Google's search engine started doing OCR on any scanned documents they found in late 2008. The results were horrible in some cases, but it didn't matter. The searchable OCR results made it possible to find things more easily and you could obviously refer to the original source if the OCR was too garbled.
lots of tough problems in OCR by tmbdev · 2010-06-22 13:55 · Score: 2, Interesting

OCR consists of many steps; recognizing the individual characters is only one of them. You also need to separate text from images, group characters into lines and columns, separate floats, captions, and body text, etc. Many of those are tough problems even if someone hands you a PDF with all the characters. And if any one of them is wrong, the entire output may be wrong.
Recognizing individual characters is also harder than you may think because there is such a wide variety of fonts in use and because there are so many odd things that can happen. Even in perfectly rendered images (no dirt etc.), two characters may be bit-identical but mean something different in different fonts. Ligatures, underlines, unknown characters, etc. also make the problem quite a bit harder.
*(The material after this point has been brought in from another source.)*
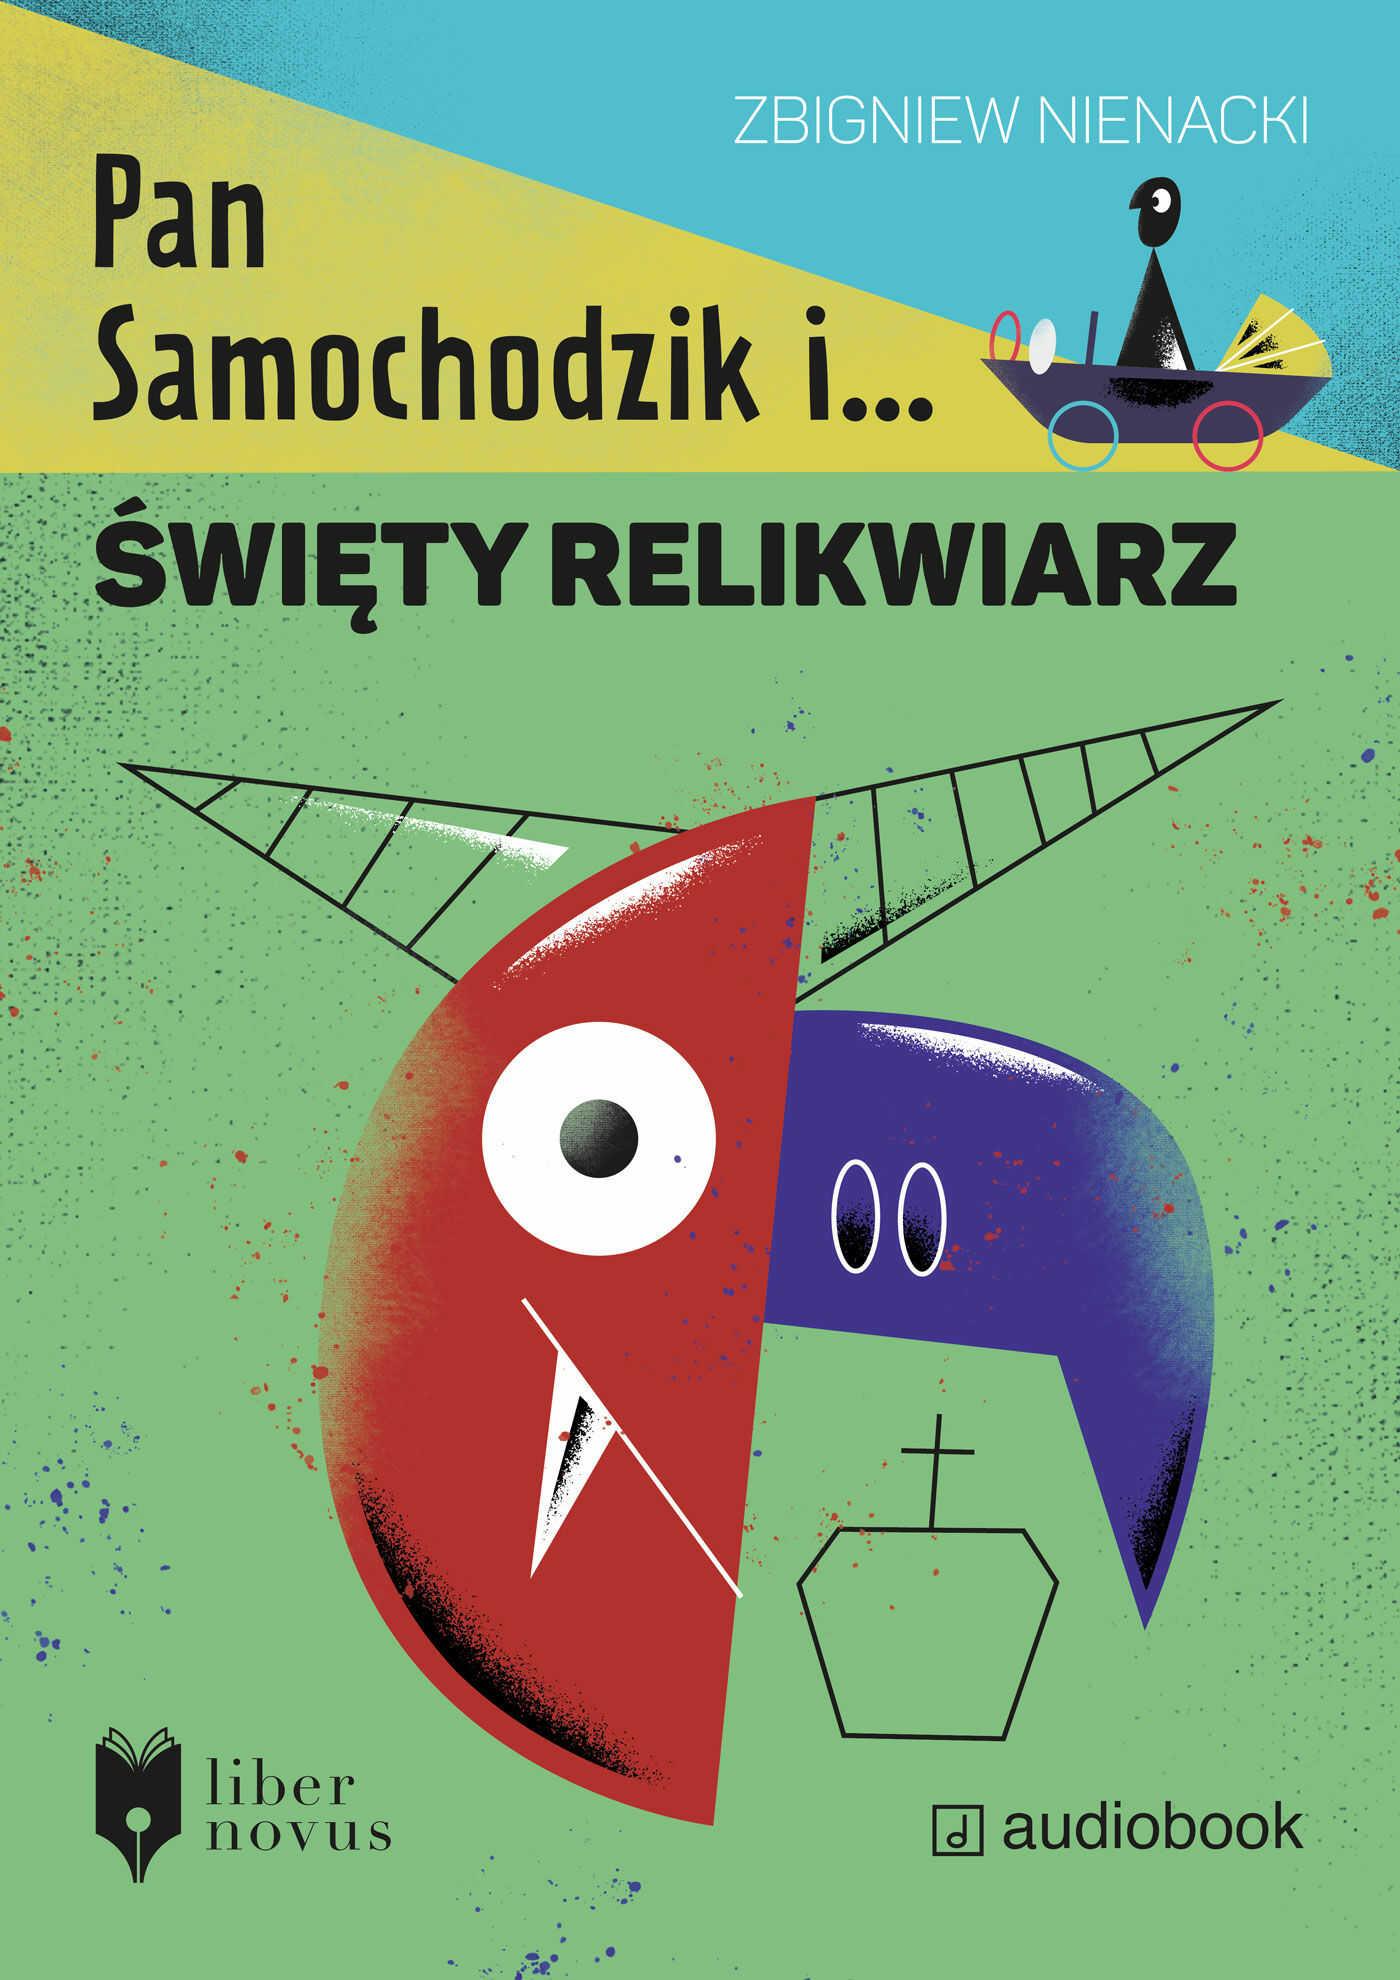 Pan Samochodzik i święty relikwiasz - Zbigniew Nienacki - audiobook

And even though 1% error would be low for just about any other machine learning or pattern recognition problem, that's a high OCR error and looks quite bad; people are much more sensitive to OCR errors than pattern recognition errors in other contexts. Furthermore, there are a lot of characters to be classified and you only get very little CPU time per character.
We've been developing an OCR system (ocropus.org) for a while now (see http://bit.ly/9Xputj for status info). It's fairly easy to get excellent performance on a closed dataset with a well-defined character set. Getting acceptable performance on arbitrary documents and dealing with all the special cases (ligatures, foreign characters, color images, magazine layouts, unknown languages, Unicode issues, etc.) is tons of work.
Oh, and in case you're wondering, although Google has sponsored OCRopus (thanks!), OCRopus is a separate project from Google's internal OCR efforts.